Los tres cheques del talonario de Laura encajaban: hospital, entierro y flores.

– ¿La trajeron de urgencia?

– Sí, anteayer, aunque ya no pudo hacerse nada. Ésta lo hizo bien.

– ¿El qué?

– Pues el suicidio. ¿No lo sabía?

Por la cara que puse comprendió que no, que no lo sabía. Y se suponía que era un periodista informado.

Eso fue todo lo que saqué de él.

XIII

Subí a urgencias. El de Pompas Fúnebres no recordaba nada más, o no quiso decírmelo. Se había quedado con Laura y punto. Por lo visto, Elena Malla estaba sola, aunque él no se pasaba las veinticuatro horas del día allá, ni hablaba con todo el mundo, naturalmente.

Naturalmente.

La sala de urgencias de un gran hospital es el sitio menos recomendable del mundo para los corazones sensibles. Demasiadas lágrimas, demasiados gritos, demasiada sangre, demasiado de todo y nada bueno. Prisas y nervios por parte de los acompañantes, camillas que llevan a candidatos al cementerio, calma y mesura en los rostros de los médicos y las enfermeras que, con cara de circunstancias, iban dando partes de guerra. Contrastes. Un mundo se movía a cien por hora y el otro a cámara lenta. Para unos era la vida, su vida. Para los otros, la rutina, el roce constante con lo trágico.

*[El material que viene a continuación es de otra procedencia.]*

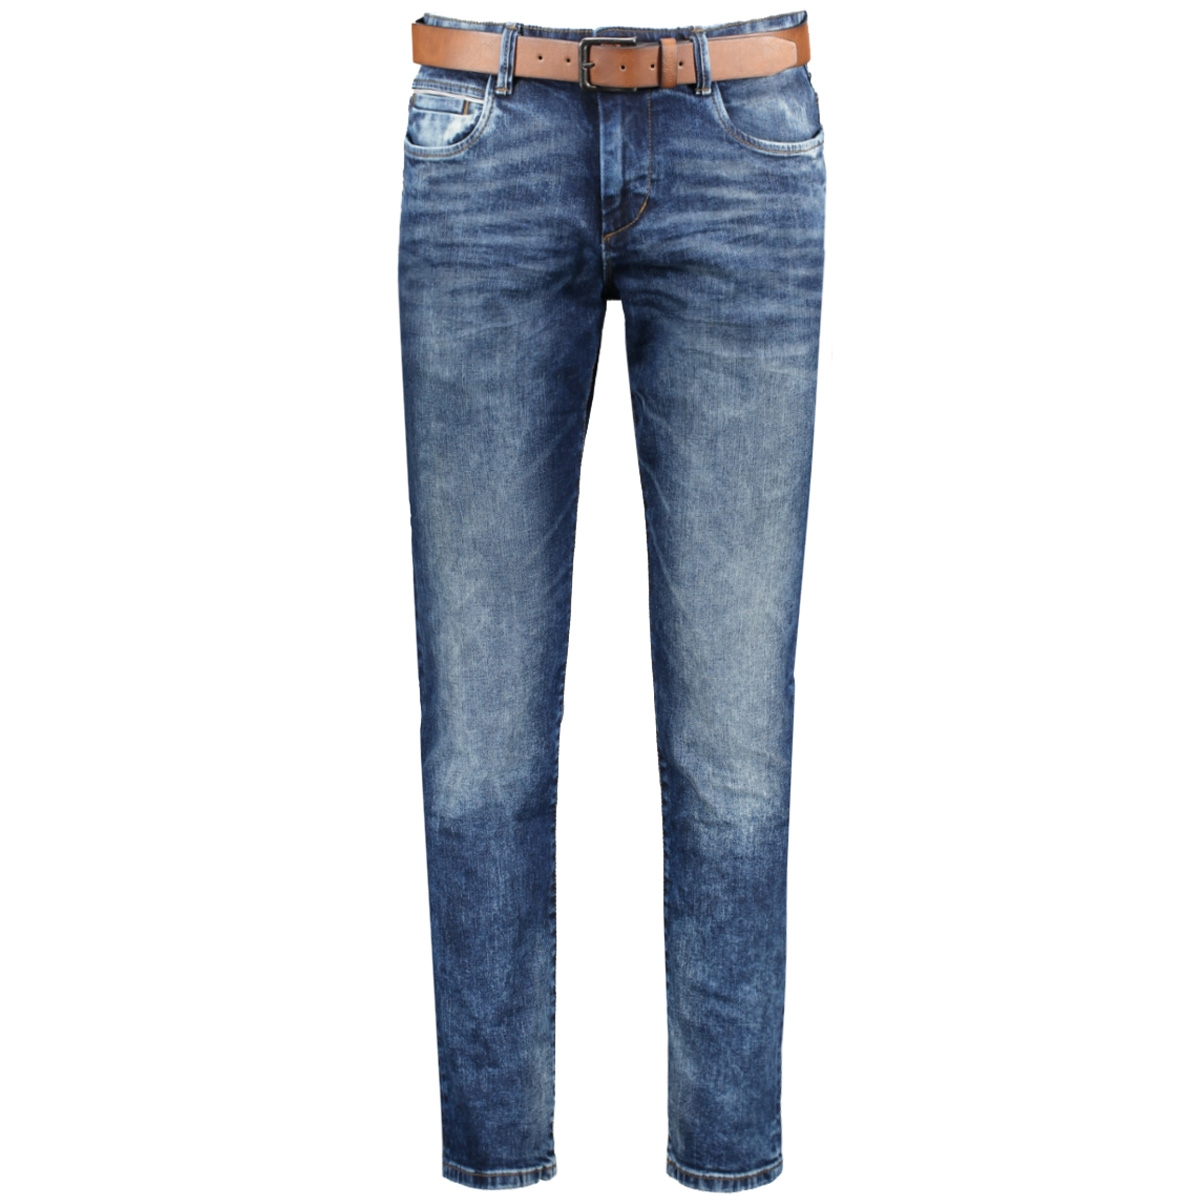 6205843.09.10 tom tailor jeans 1094

Tuve que enseñar mi carné tres veces para que me hicieran caso. Y nadie se impresionó demasiado.

– ¿Es por lo del preso de la Modelo que se ha autolesionado tragándose trozos de cuchillas de afeitar envueltos en algodón? -me preguntó una enfermera con carita de ángel.

Le dije que no era por él, ni por el herido en el atraco de la sucursal bancaria del día. Eso la desilusionó.

– Ayer enterraron a una chica que se había suicidado el día anterior. Quería ver a los médicos que la atendieron.

Me señaló un mostrador defendido por cien kilos de enfermera, mantuvo su sonrisa de ánimo y se despidió de mí diciéndome:

– Hasta luego.

Crucé los dedos y toqué madera. Allí dentro, un «hasta luego» tenía muy poco de prometedor.

Unos quince kilos de enfermera se movieron hacia mí para mirarme. Era lo que debía pesarle la cabeza. El resto se mantuvo inalterable. Le puse el carné delante y bizqueó para poder leerlo. Como el resto, sobrada, no se inmutó demasiado.

Ahora sólo provocaba eso la televisión.

Le repetí la pregunta a ella, le supliqué ayuda, puse cara de buen chico y de odiar a las anoréxicas. Elena Malla. Suicidio. Laura Torras. No habló hasta que yo dejé de hacerlo.

– El médico que estaba de guardia cuando ingresaron a esa mujer no se encuentra aquí ahora -me informó.

– ¿Y el que firmó el parte de defunción?

– Tampoco.

No miraba ningún registro. O tenía buena memoria, o nadie más había muerto víctima de su propia mano dos días antes, o recordaba el caso. También es posible que quisiera quitárseme de encima.

La juzgué prematuramente y mal.

– Pero le buscaré a la enfermera jefe -me dijo-. Si espera un momento, intentaré localizarla.

No merezco mi suerte.

Le di las gracias y esperé. Intenté mirar al suelo o al techo, pero no a mi alrededor. Algo difícil. En el espacio de cuatro minutos entraron a una niña inconsciente que se había bebido un vaso de no sé qué porquería biodegradable y a un anciano con la cadera rota, machacado por los reproches de su hija, que no dejaba de repetirle:

– ¡A ver qué hacemos ahora, porque ya me dirás, tozudo, que eres un tozudo! ¿Quién te mandaba…? ¡Si es que no se te puede dejar solo!

Por la cara del hombre vi que sufría más por la paliza de su hija que por su propio dolor.